* _Task statement_: Would you transcribe the whole listing exactly and drop its images?

* _Given material_:
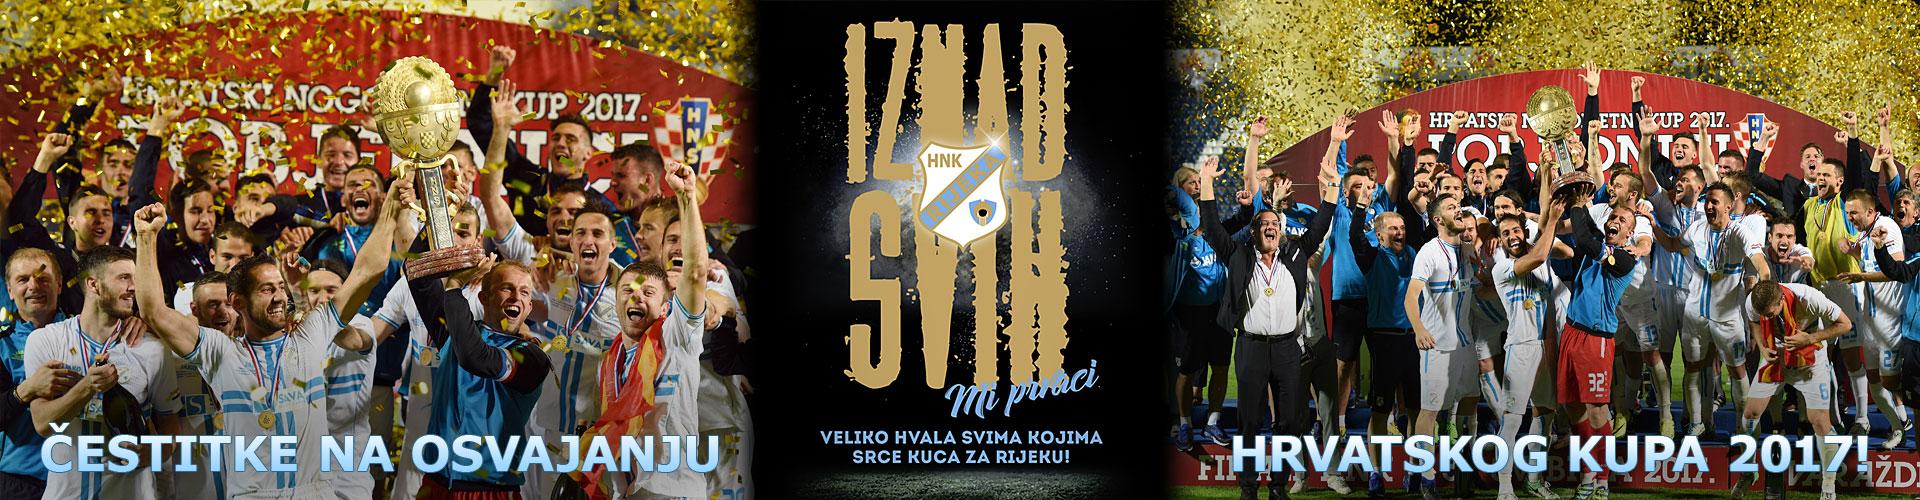 http://www.kimicommerce.hr/Repository/Banners/rijeka-pobjednik-kupa-2017.jpg
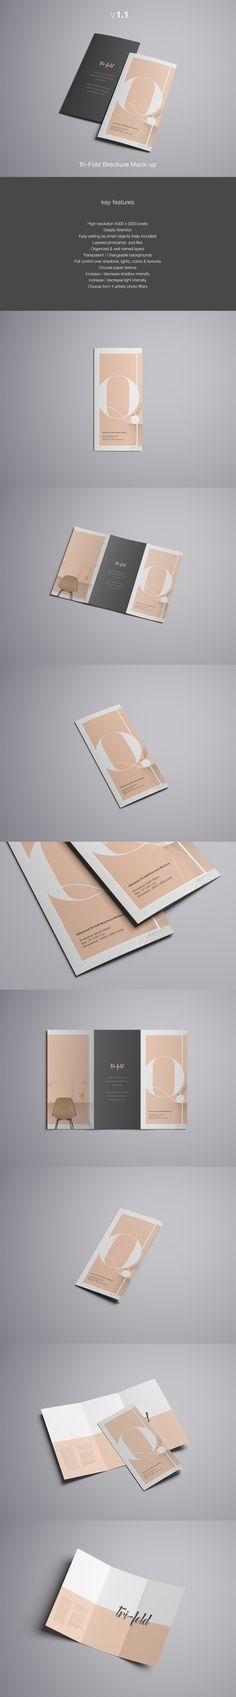 Advanced Tri-Fold Brochure Mockup - PSD on Behance
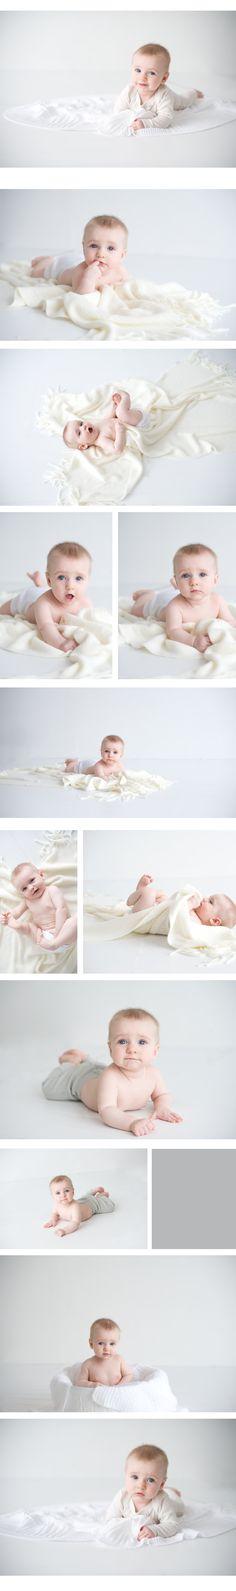 Baby boy 6 months    Lane Proffitt Photography |Nashville TN|
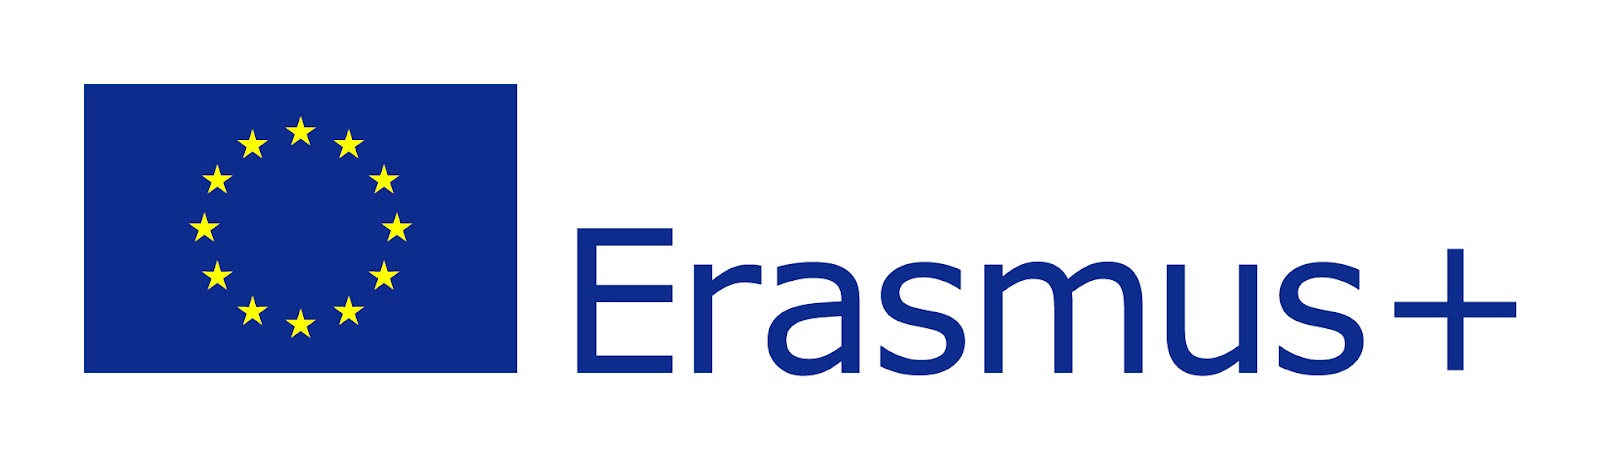 EU flag-Erasmus+_vect_POS (1).jpg

* _Answer to this exercise_:
 http://www.kimicommerce.hr/Repository/Banners/rijeka-pobjednik-kupa-2017.jpg
 Advanced Tri-Fold Brochure Mockup - PSD on Behance
 Baby boy 6 months    Lane Proffitt Photography |Nashville TN|
 EU flag-Erasmus+_vect_POS (1).jpg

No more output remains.